A vCloud Director infrastructure can contain one or more cells. Multi-cell communication is achieved by using a Message Bus.
With multiple cells, one cell requires a session aware load balancer. Even though all the cells continue to run all the services, cells can be given special roles and do certain services. Cells learn about other cells when they register to the same Oracle database.
Notes:
- All cells in a multi-cell environment must be configured to use a centralized NTP server.
- NTP synchronization also required between all ESX hosts.
VMware Cloud Director critical components (services) provide high availability and survive hardware failures.
Some of the critical clustered components are:
- Monitoring Service
- Heartbeat Service
- Console Proxy
- VC Proxy
- Image Transfer Service
- Activity Log Cleaner
- LDAP Synchronizing Service
These services do not need to be clustered in VMware Cloud Director:
- Console Proxy – This component runs on every cell and is stateless. All instances are capable of doing work so failure of any one component does not affect user requests as they are redirected by the load balancer.

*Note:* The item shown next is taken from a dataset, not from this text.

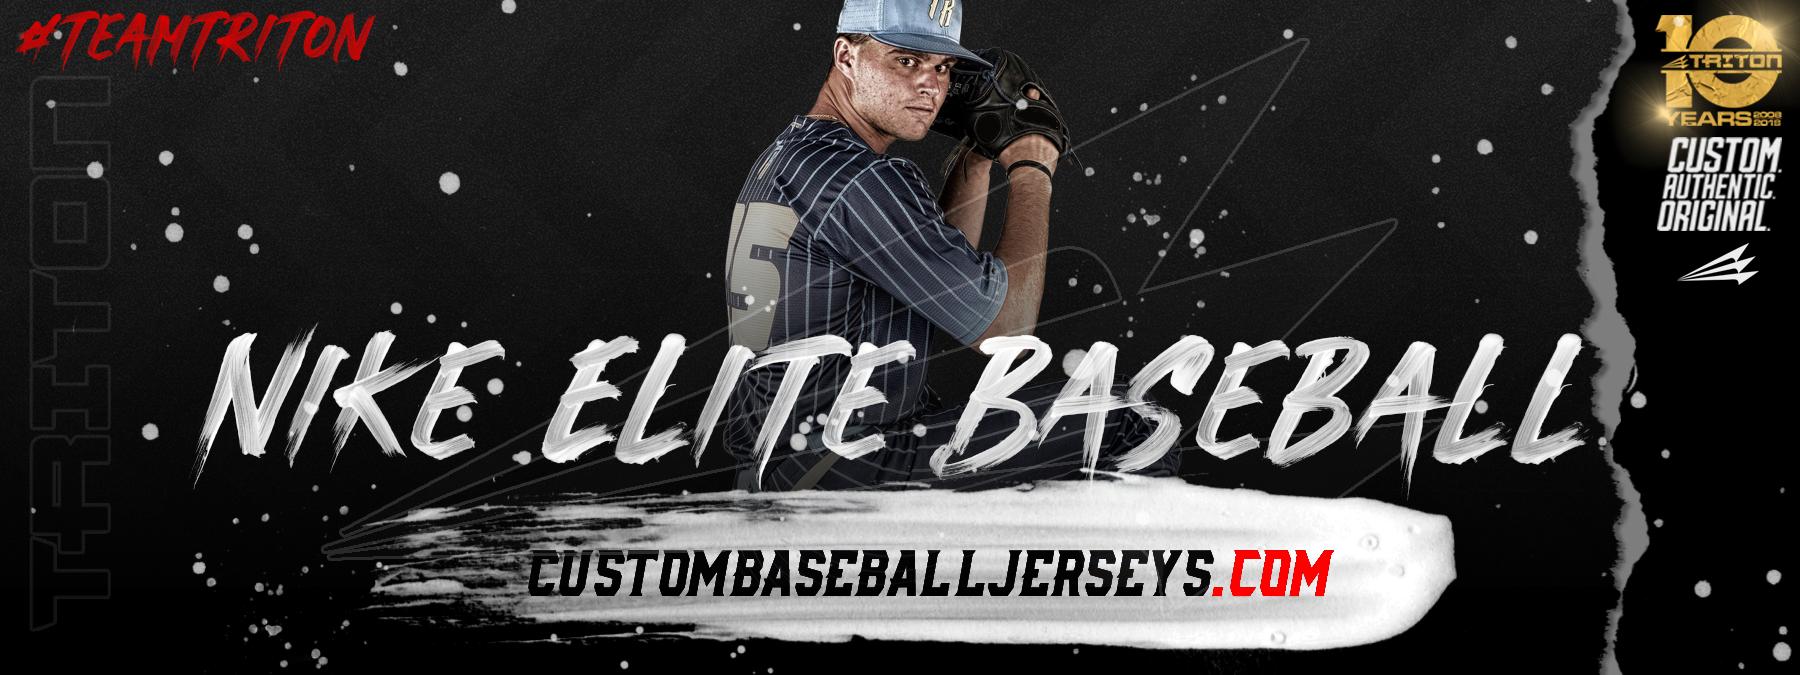 mago dos Amargura  Nike Elite Custom Traditional Baseball Jerseys - Custom Baseball Jerseys  .com - The World's #1 Choice for Custom Baseball Uniforms

- Image Transfer Service – This component also runs on every cell and is stateless. All instances are capable of doing work so failure on any one component will not affect the user request.
Note: VMware vCloud Director cells are stateless. They can be restarted at any time without the risk of data loss. The only caveat is that current requests are interrupted.
VMware vCloud Director has two types of cells:
- Coordinator (or primary) cells
-
- Secondary cells
-
- All cells other than the coordinator cell are secondary cells.
- The secondary cell has these responsibilities:
-
- Report heartbeat to the coordinator cell so it can determine if the secondary cell is alive by updating a table entry in the database
- Periodically check if the coordinator cell is alive
- Listen for messages submitted by the coordinator cell and perform actions based on them (such as which services to start)
If there is a process failure, the secondary cell is restarted by the watch-dog on the respective machine. The coordinator cell considers the time it takes for the watch-dog to restart services on the failed secondary cell. If the secondary cell is deemed to be dead, the coordinator chooses another cell on which to start the service.
Election of a new coordinator cell happens when secondary cells detect that the coordinator is dead. All secondary cells monitor the heartbeat of the coordinator. When the coordinator is detected as dead, secondary cells try to grab the lock for the coordinator. The newly elected coordinator determines if all required services are running and starts any if required.